Girolimoni, il mostro di Roma

di Damiano Damiani con Nino Manfredi, Gabriele Lavia, Orso Maria Guerrini, Mario Carotenuto – Italia -  1972 – Durata 125’

 

Tarquinio (Gabriele Lavia) è una persona disturbata e dopo aver abusato delle sue povere vittime, le uccide. L’opinione pubblica rumoreggia e Mussolini, ministro dell'Interno, avendo garantito ordine e disciplina impone alla polizia di trovare, al più presto, un colpevole. Dando credito ad una mocciosa bugiarda, ad un marito geloso ed a un brigadiere ambizioso che vuole fare carriera, gli investigatori puntano gli occhi su Gino Girolimoni (Nino Manfredi) un fotografo romano. Dipinto dalla stampa come un mostro è ingiustamente incarcerato. E’ rilasciato undici mesi dopo ma a nessun giornale pubblica un articolo che lo riabilita agli occhi dell’opinione pubblica. e lui rimane bollato per sempre come il pedofilo che ammazzava le bambine.

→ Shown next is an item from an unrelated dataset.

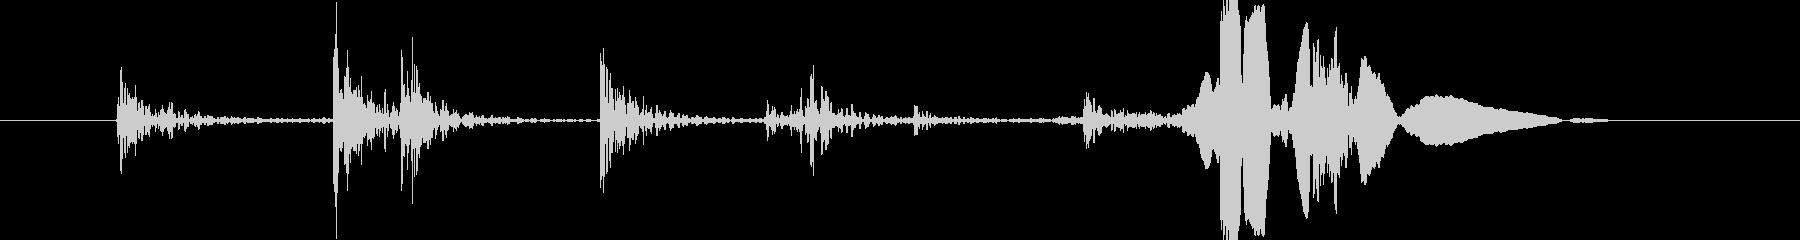 ドタン(木箱の蓋を閉じる)Cの未再生の波形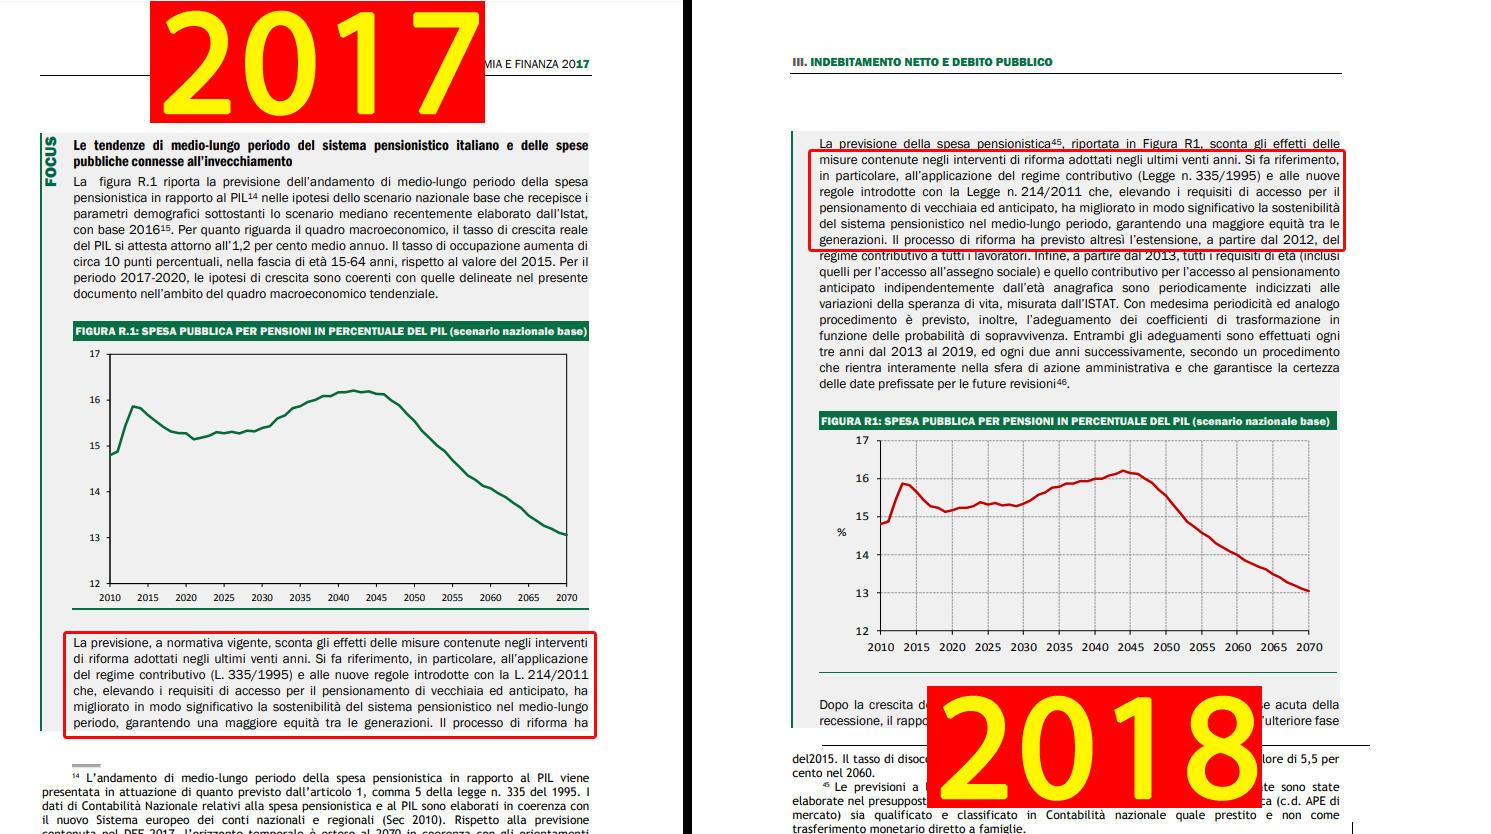 Legge Fornero, il confronto tra il Def 2017e 2018

Damiani ambienta la vicenda a Roma negli Anni Venti e sferra un atto d’accusa contro la dittatura fascista, le infernali macchine del potere ed una certa stampa che, senza scrupoli, da in pasto all’opinione pubblica il solito mostro da sbattere in prima pagina. Il film è onesto ma è girato in maniera scolastica e didascalica e l’unica incursione che il regista si concede per descrivere il profilo psicologico del pedofilo è una battuta che affida a Girolimoni: “Tutti abbiamo una fetta di demonio dentro chiuso a chiave. Si vede che a quello gli si è rotto il chiavistello.”

Tarquinio è descritto come un uomo che agisce schiavo dei propri istinti rozzi e primitivi e che ogni qual volta si macchia di un delitto è, colpevolmente, coperto dalla madre. Sullo sfondo l’isteria della folla che accusa ingiustamente il povero vetturino Sterbini (Mario Carotenuto) di essere un pedofilo e lui per la vergogna si suicida ingerendo del vetriolo.